2020-07-15 Thread Bob Murphy
> On Jul 15, 2020, at 1:09 AM, Robin Sommer  wrote:
> 
> On Thu, Jul 09, 2020 at 18:19 -0700, Bob Murphy wrote:
> 
>> Proposed Solution: Add a new optional API for writing a batch all at once, 
>> while
>> still supporting older log writers that don't need to write batches.
> 
> That sounds good to me, a PR with the proposed API would be great.

That’s sounds great. I wanted to bounce the ideas around with people who know 
more about Zeek than i do before going into detail on a proposed API.

> 
>> a. For non-batching log writers, change the "false" status to just mean
>>   "There was an error writing a log record". The log writing system will then
>>   report those failures to other Zeek components such as plug-ins, so they 
>> can
>>   monitor a log writer's health, and make more sophisticated decisions about
>>   whether a log writer can continue running or needs to be shut down.
> 
> Not quite sure what this would look like. Right now we just shut down
> the thread on error, right? Can you elaborate how "report those
> failures to other Zeek components" and "make more sophisticated
> decisions" would look like?

Yes, right now, any writer error just shuts down the entire thread.

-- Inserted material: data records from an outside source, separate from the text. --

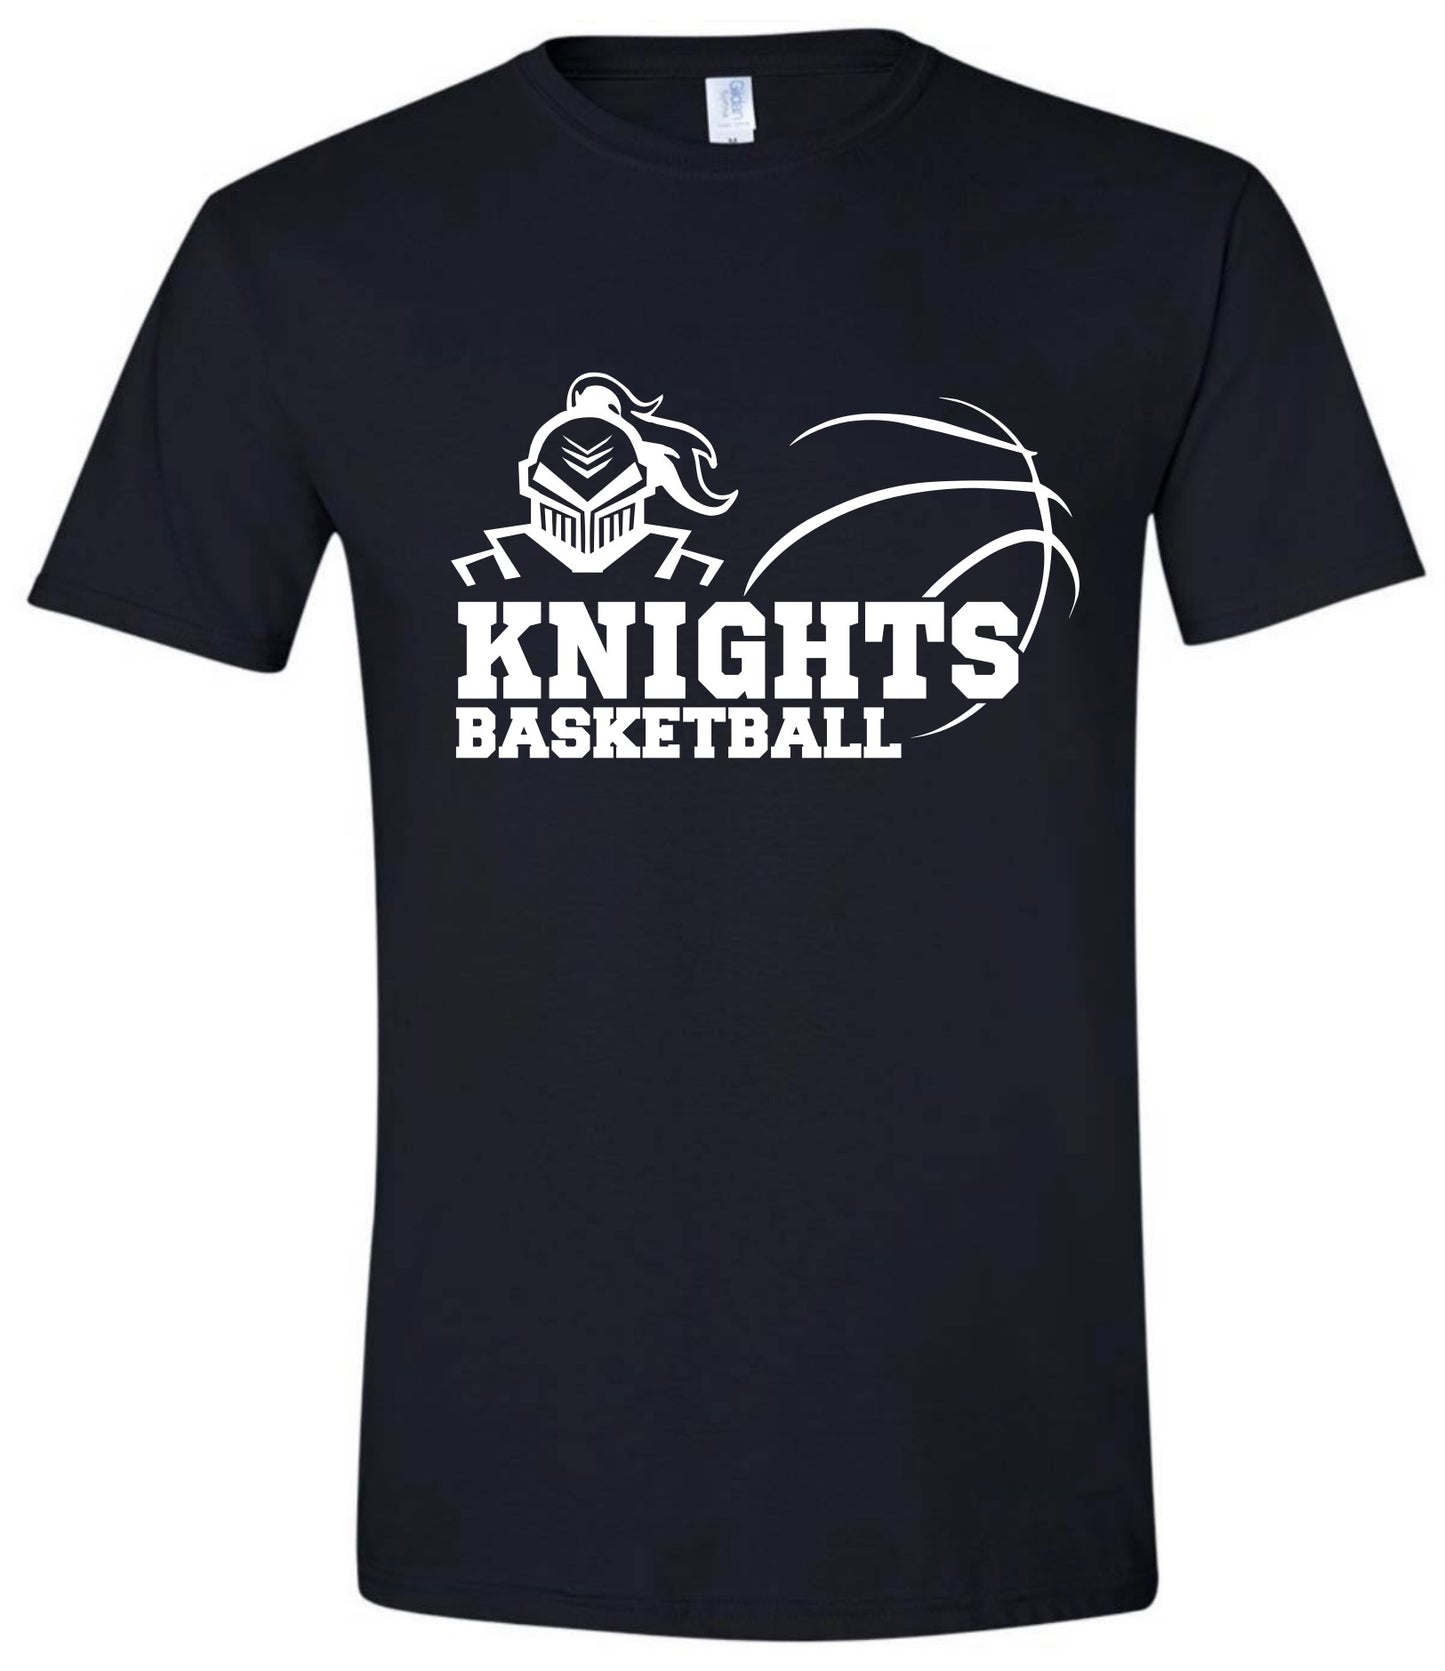 Knights Abstract Basketball Tshirt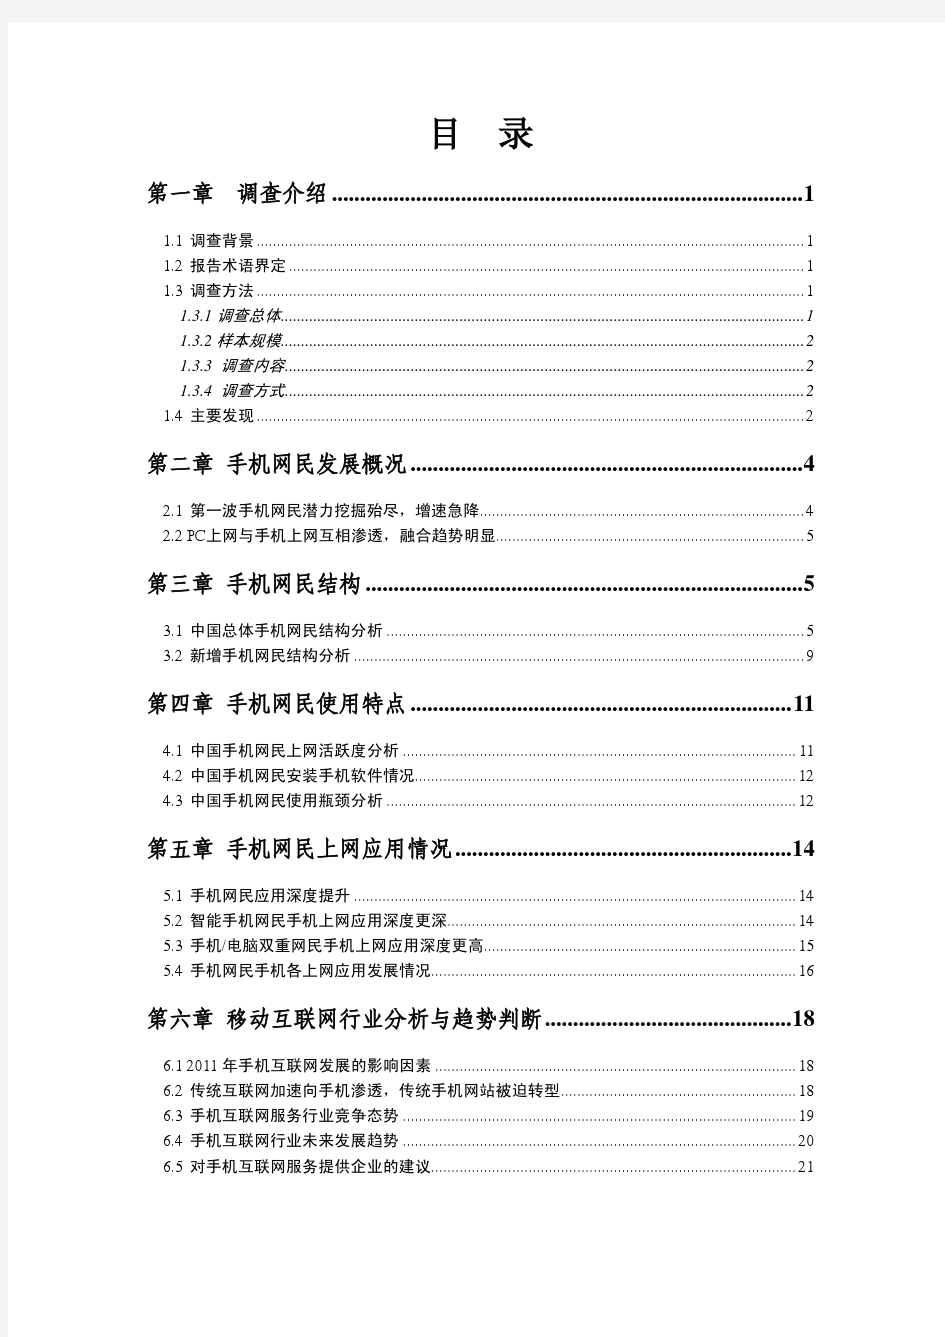 2010年中国手机上网行为研究报告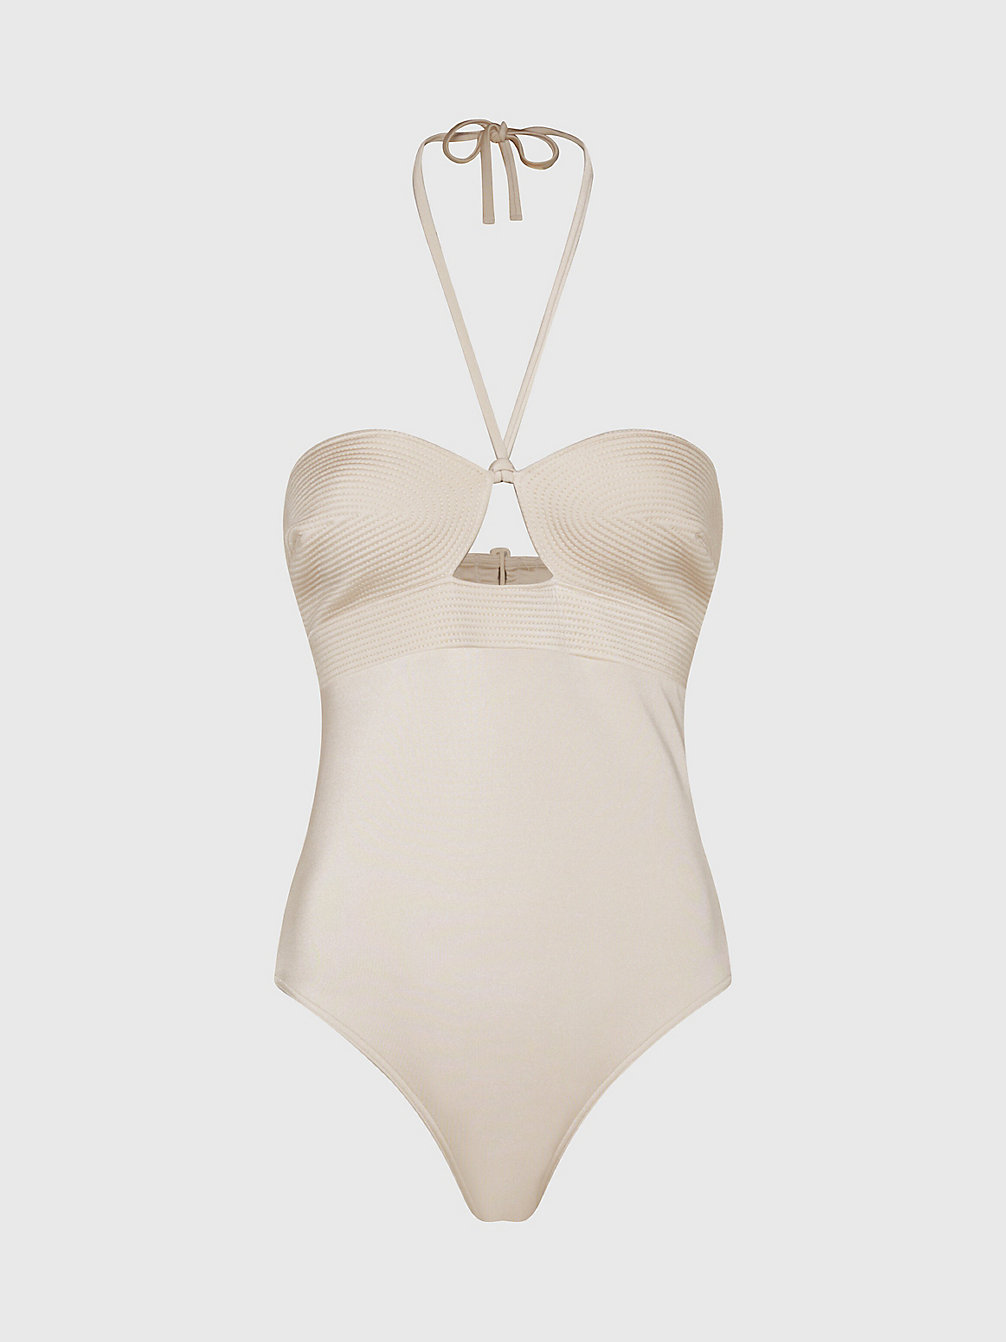 STONY BEIGE Halter Neck Swimsuit - Structured undefined women Calvin Klein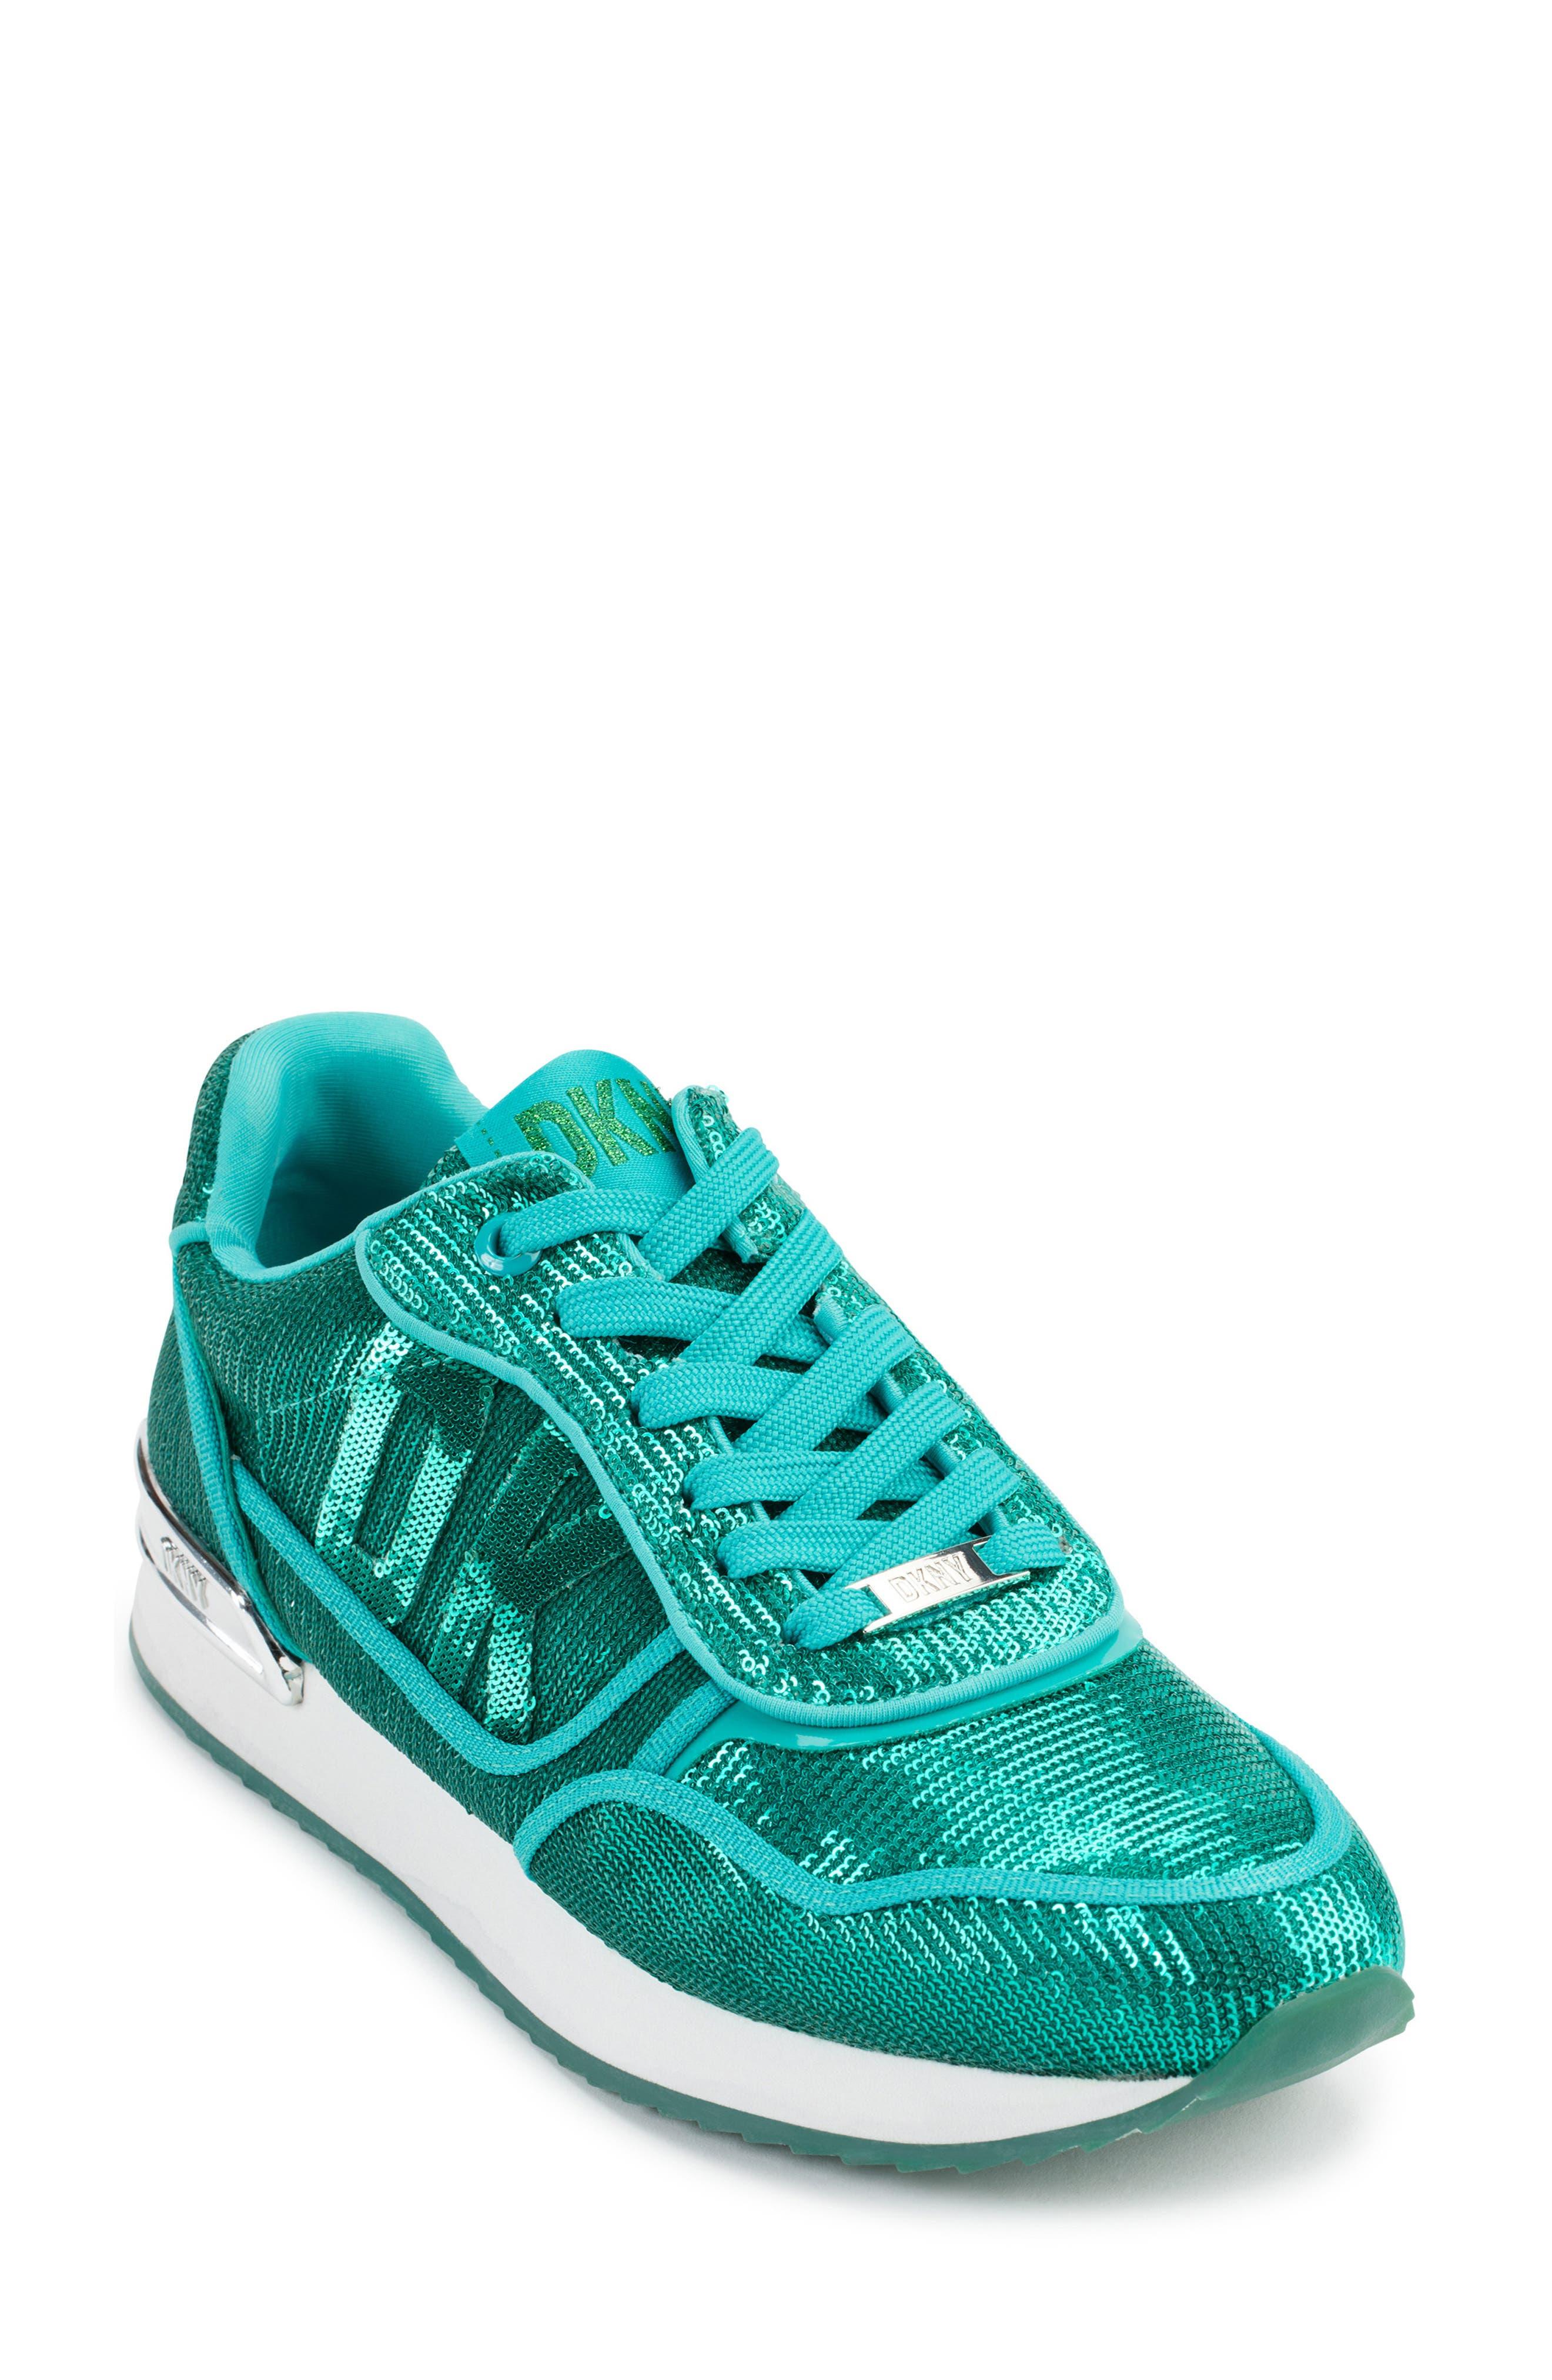 DKNY Mabyn Sequin Sneaker in Blue | Lyst

That’s a good solution for destinations like a disk, because if a write fails, 
something really bad has probably happened. But Seth Hall pointed out that some 
log destinations can recover, and it’s not a good solution for those.

Here are a couple of examples:

1. A writer might send log records to a network destination. If the connection 
is temporarily congested, it would start working again when the congestion 
clears.

2. The logs go to another computer that’s hung, and everything would work again 
if somebody rebooted it.

Seth's idea was to report the failures to a plugin that could be configured by 
an administrator. A plugin for a writer that goes to disk could shut down the 
writer on the first failure, like Zeek does now. And plugins for other writers 
could approach the examples above with a little more intelligence:

1. The plugin for the network destination writer could decide to shut down the 
writer only after no records have been successfully sent for a minimum of ten 
minutes.

2. The plugin for the remote-computer writer could alert an administrator to 
reboot the other computer. After that, the writer would successfully resume 
sending logs.


> Could we just change the boolean result into a tri-state (1) all good;
> (2) recoverable error, and (3) fatal error? Here, (2) would mean that
> the writer failed with an individual write, but remains prepared to
> receive further messages for output. We could the also implicitly
> treat a current "false" as (3), so that existing writers wouldn't even
> notice the difference (at the source code level at least).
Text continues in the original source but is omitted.